→ **TASK PROMPT**
Please transcribe the data below in full, word for word, without the images.

→ **DATASET SECTION**
——

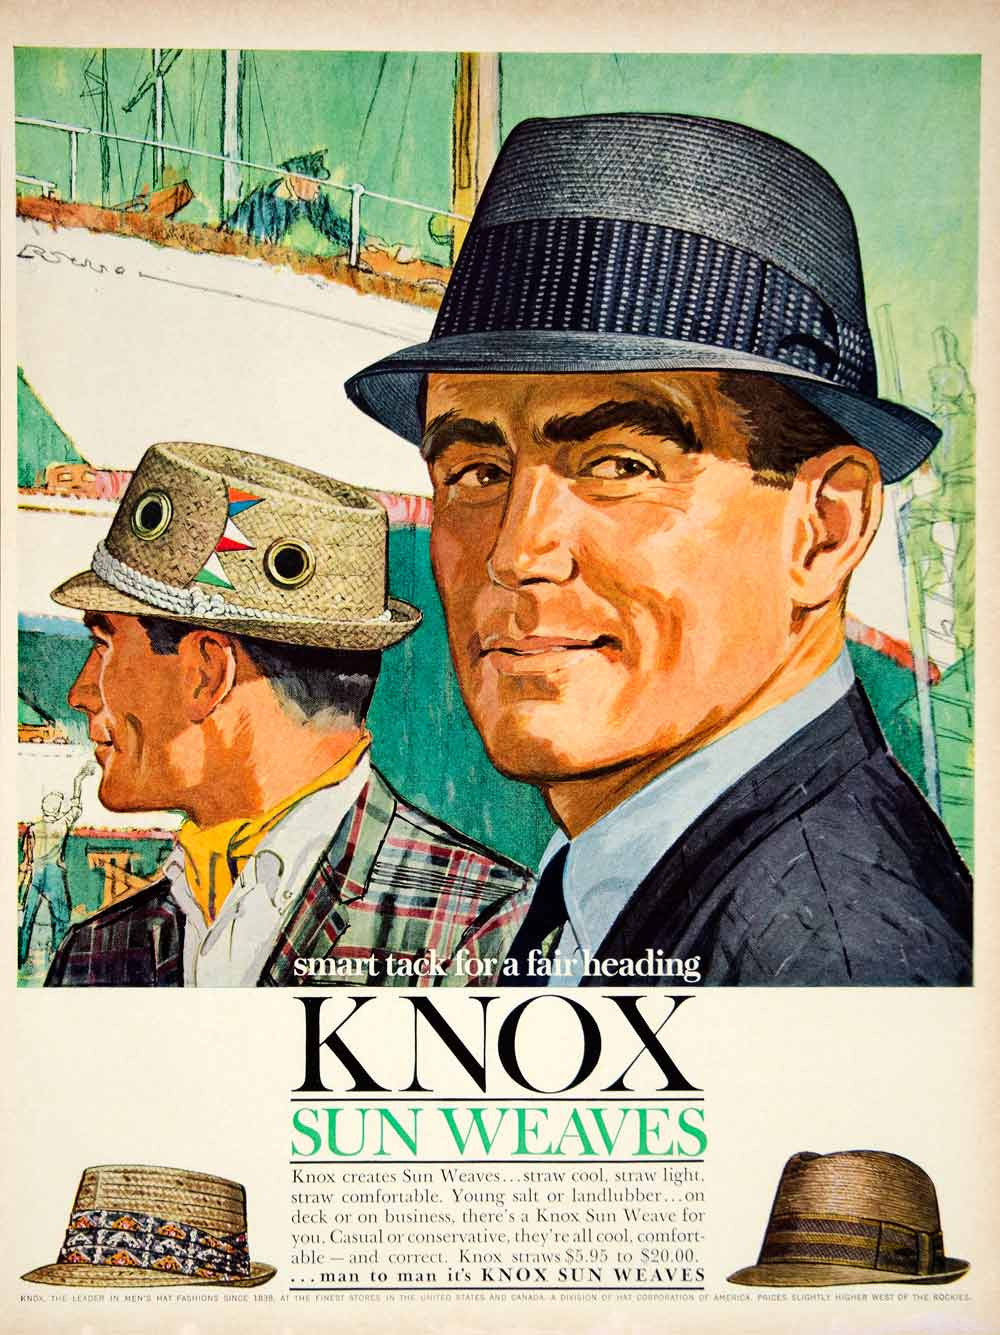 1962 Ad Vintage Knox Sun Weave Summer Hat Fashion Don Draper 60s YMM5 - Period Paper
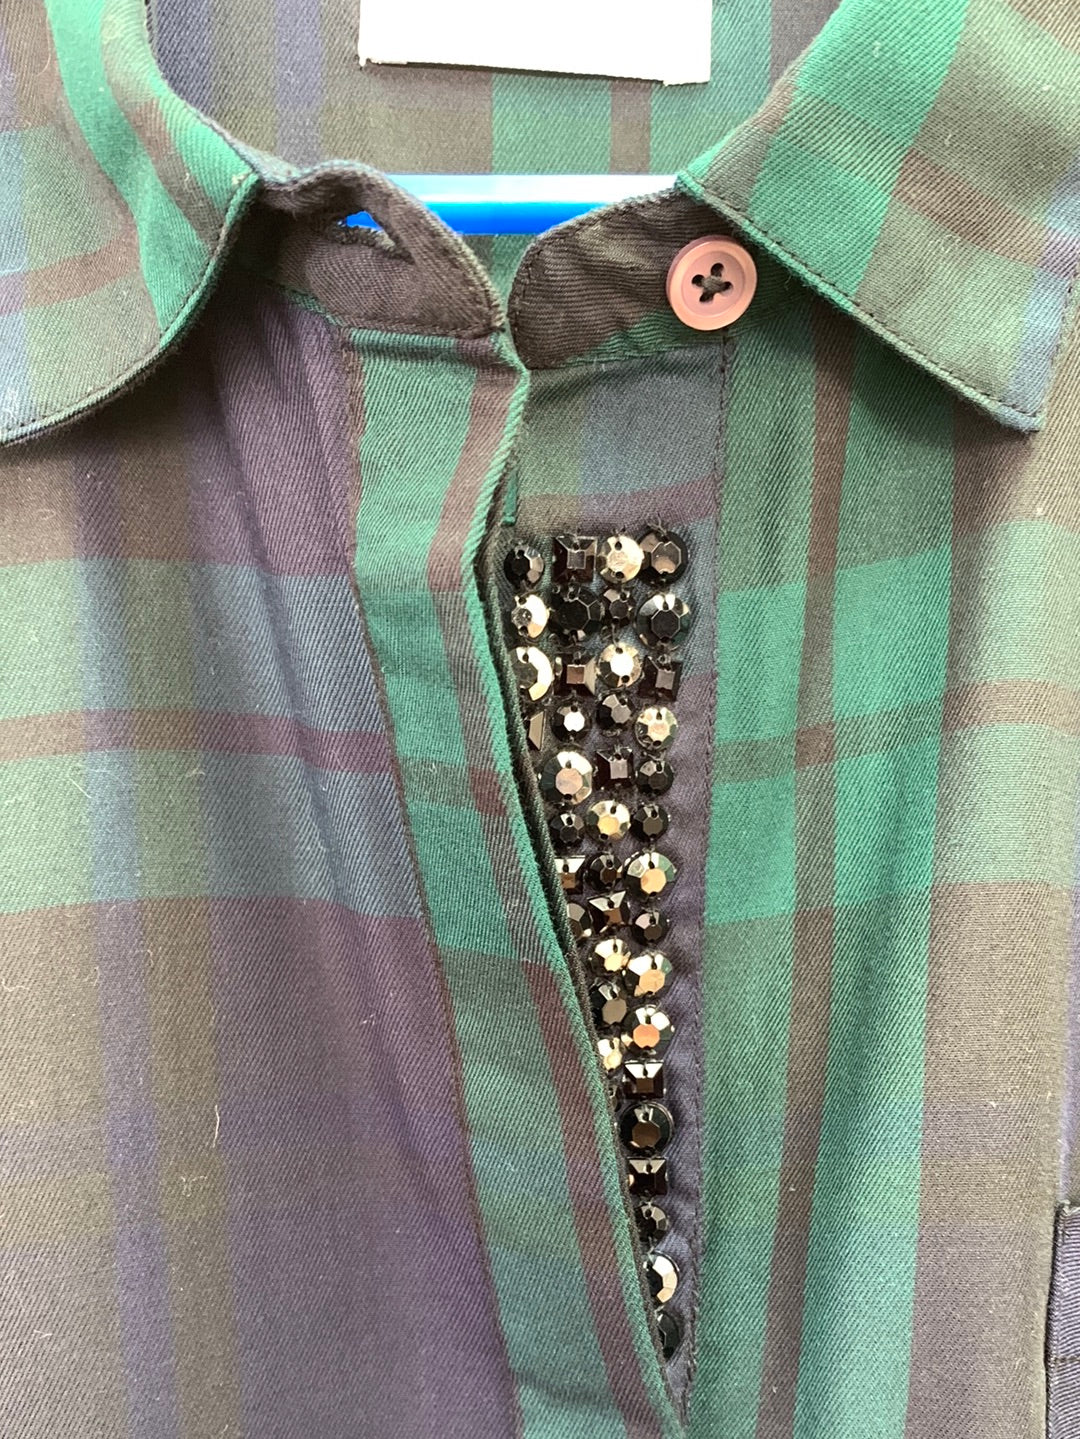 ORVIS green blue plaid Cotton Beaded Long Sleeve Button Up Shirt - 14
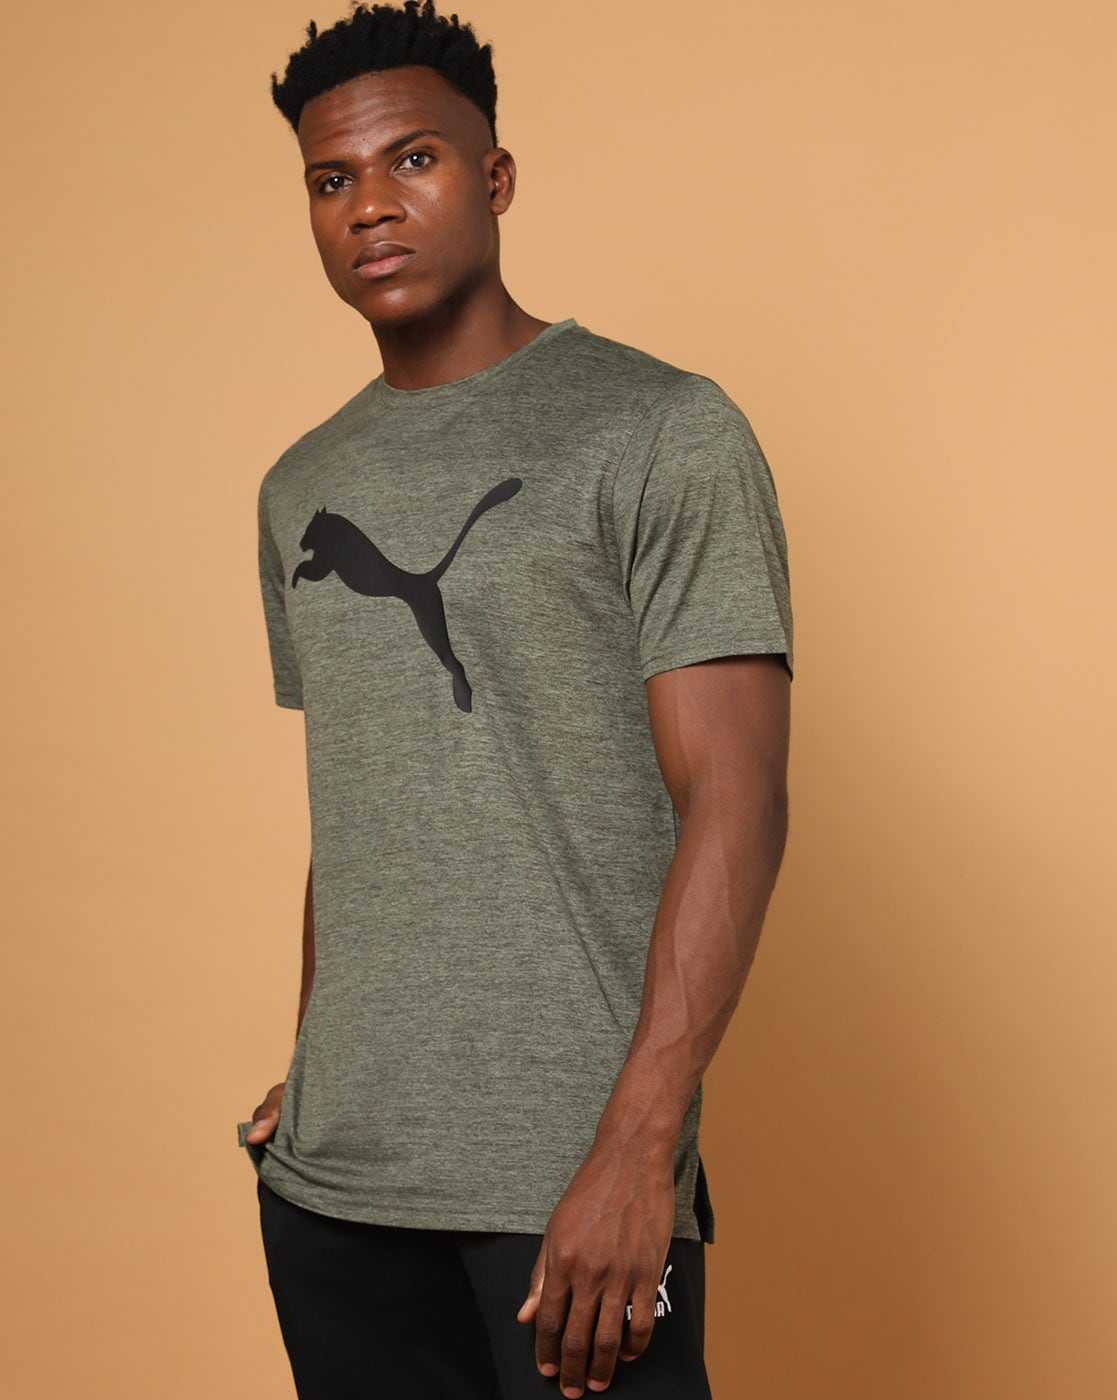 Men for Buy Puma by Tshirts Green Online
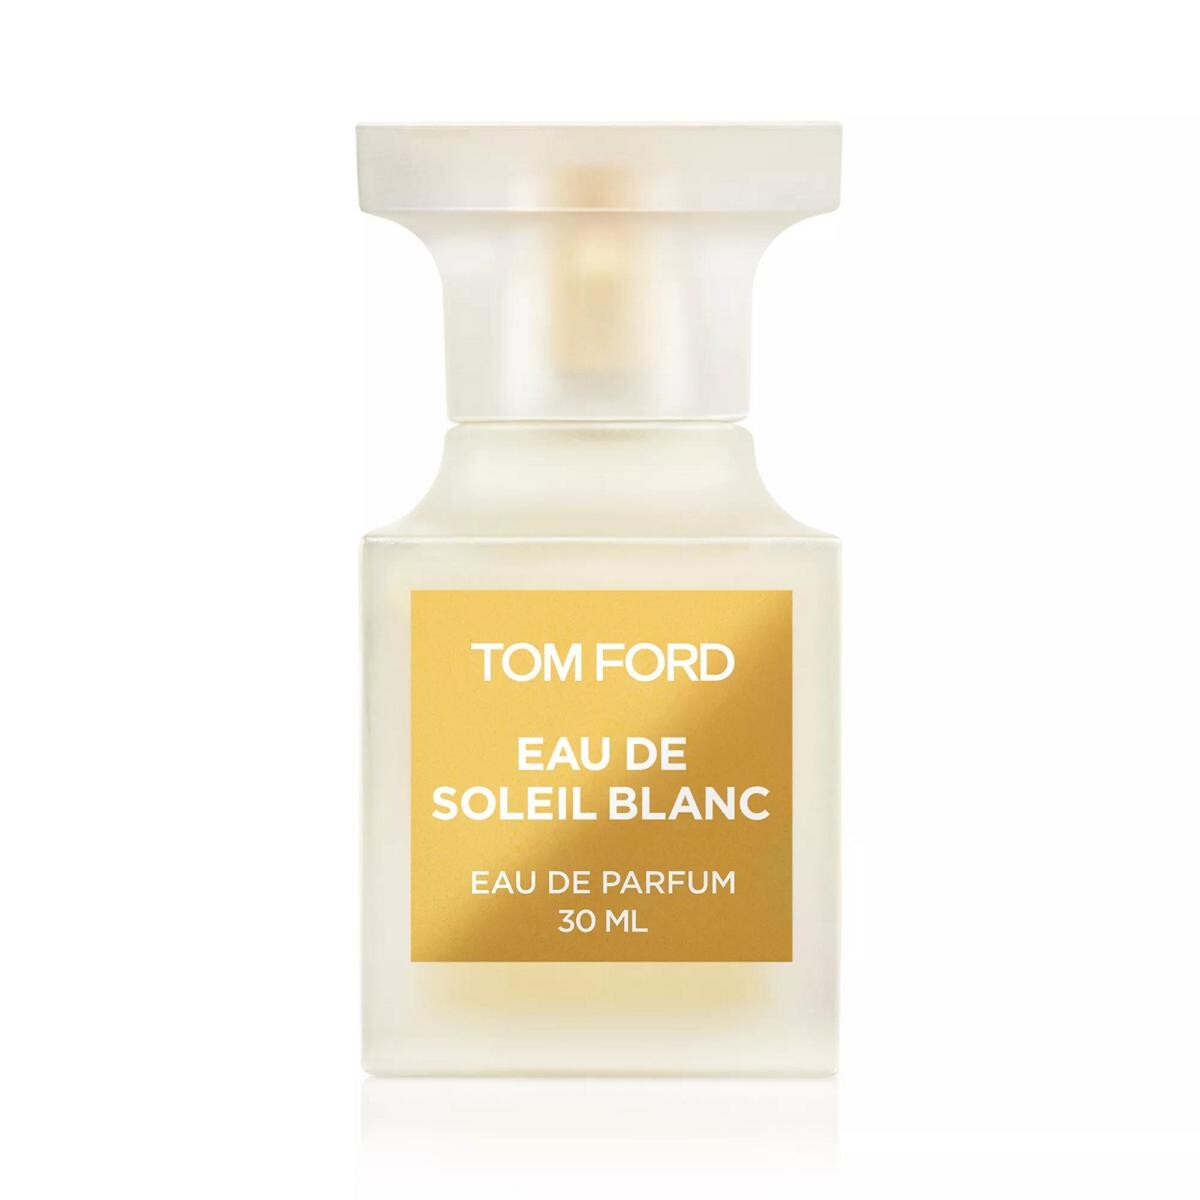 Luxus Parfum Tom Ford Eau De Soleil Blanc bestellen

——

→ **OUTPUT FOR THIS EXERCISE**
 1962 Ad Vintage Knox Sun Weave Summer Hat Fashion Don Draper 60s YMM5 - Period Paper
 ORVIS green blue plaid Cotton Beaded Long Sleeve Button Up Shirt - 14
 Men for Buy Puma by Tshirts Green Online
 Luxus Parfum Tom Ford Eau De Soleil Blanc bestellen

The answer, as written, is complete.